Lovely One
- Author: Ketanji Brown Jackson
- Language: English
- Genre: Memoir
- Publisher: Random House
- Publication date: September 3, 2024
- Pages: 405
- ISBN: 978-0-593-72990-8
- OCLC: 1452735147

= Lovely One (memoir) =

2024 book by Ketanji Brown Jackson

Lovely One is the 2024 memoir by U.S. Supreme Court justice Ketanji Brown Jackson. The title stems from the justice's first and middle names, Ketanji Onyika, a suggestion from her aunt who was a Peace Corps volunteer in west Africa around the time Brown Jackson was born.

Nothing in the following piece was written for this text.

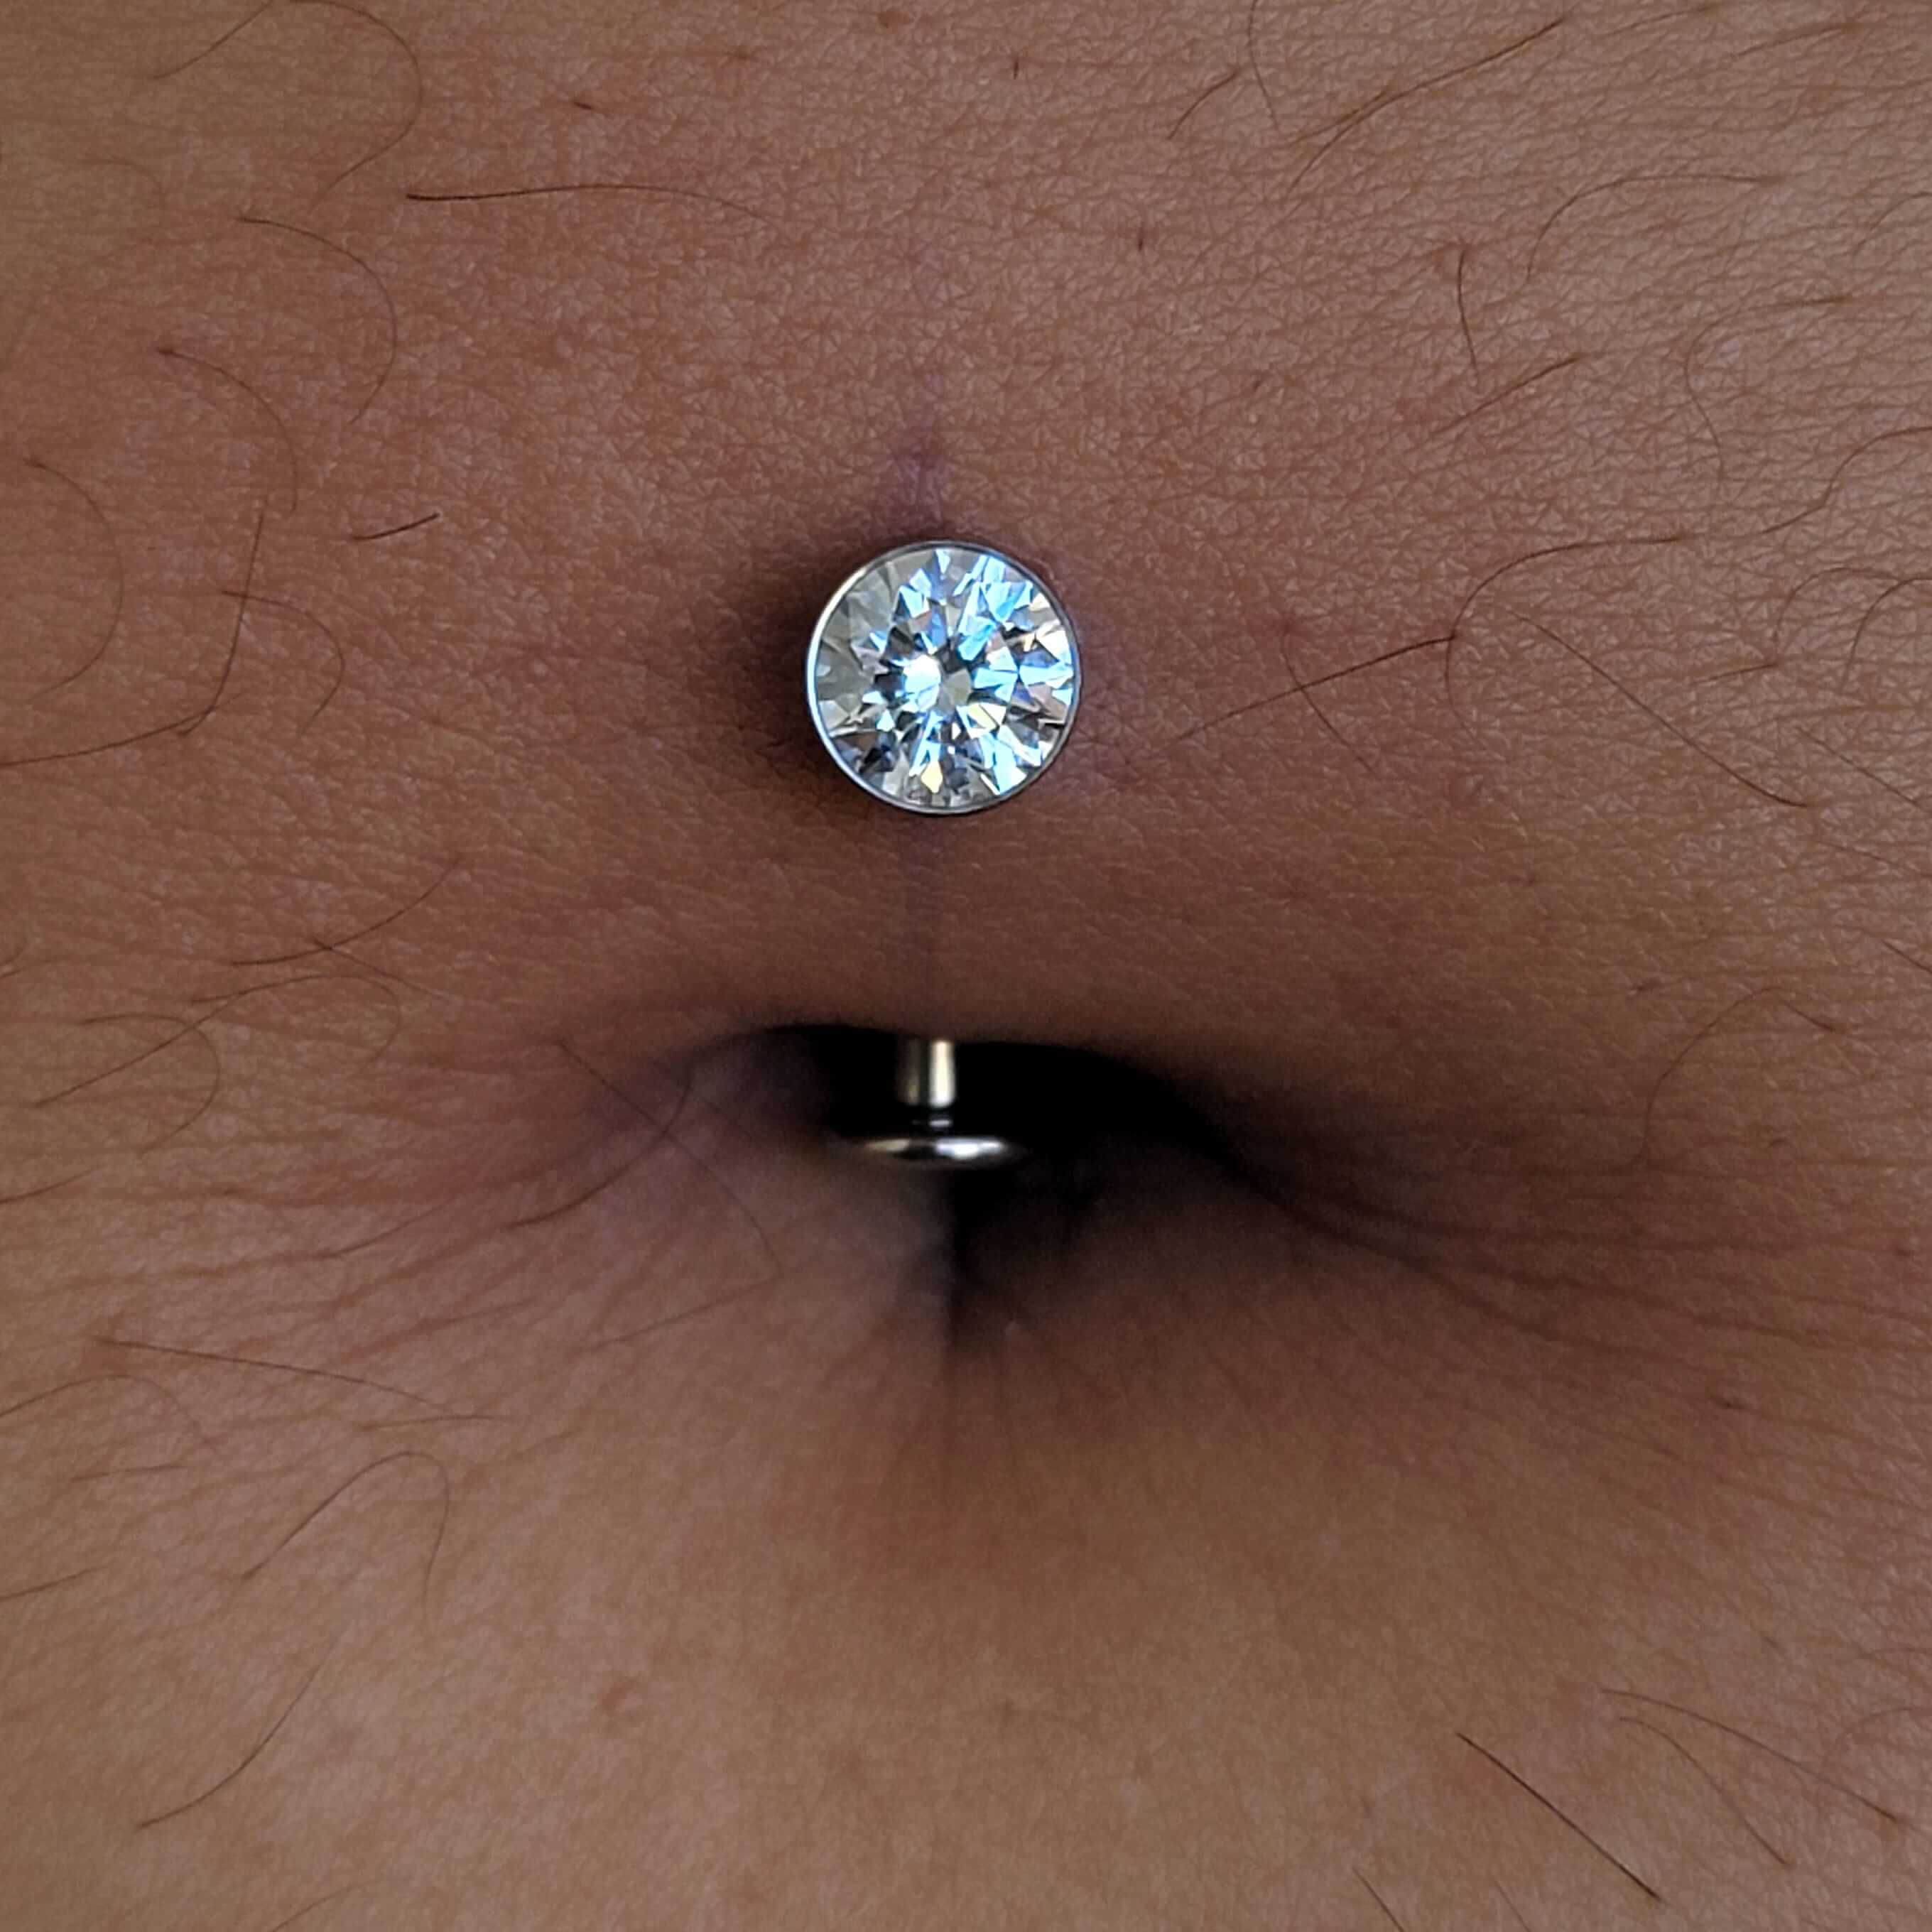 Floating navel piercing done with implant grade titanium

Lovely One reached the top of the New York Times Bestseller List the week of September 22, 2024, despite receiving criticism for not being as sharp of writing as some of her judicial writing. Jackson was nominated for Best Audio Book, Narration, and Storytelling award at the 2026 Grammy Awards for her audiobook recording of Lovely One.

The book describes Brown Jackson's own stories, mentors, notably Justice Stephen Breyer, and role-models, including Constance Baker Motley, the first Black woman to argue a case before the US Supreme Court. It also tells the stories facing the greater Black population, such as a relative inability to swim due to their parents' lack of access to public pools and beaches or the inegalites of stop-and-search practices.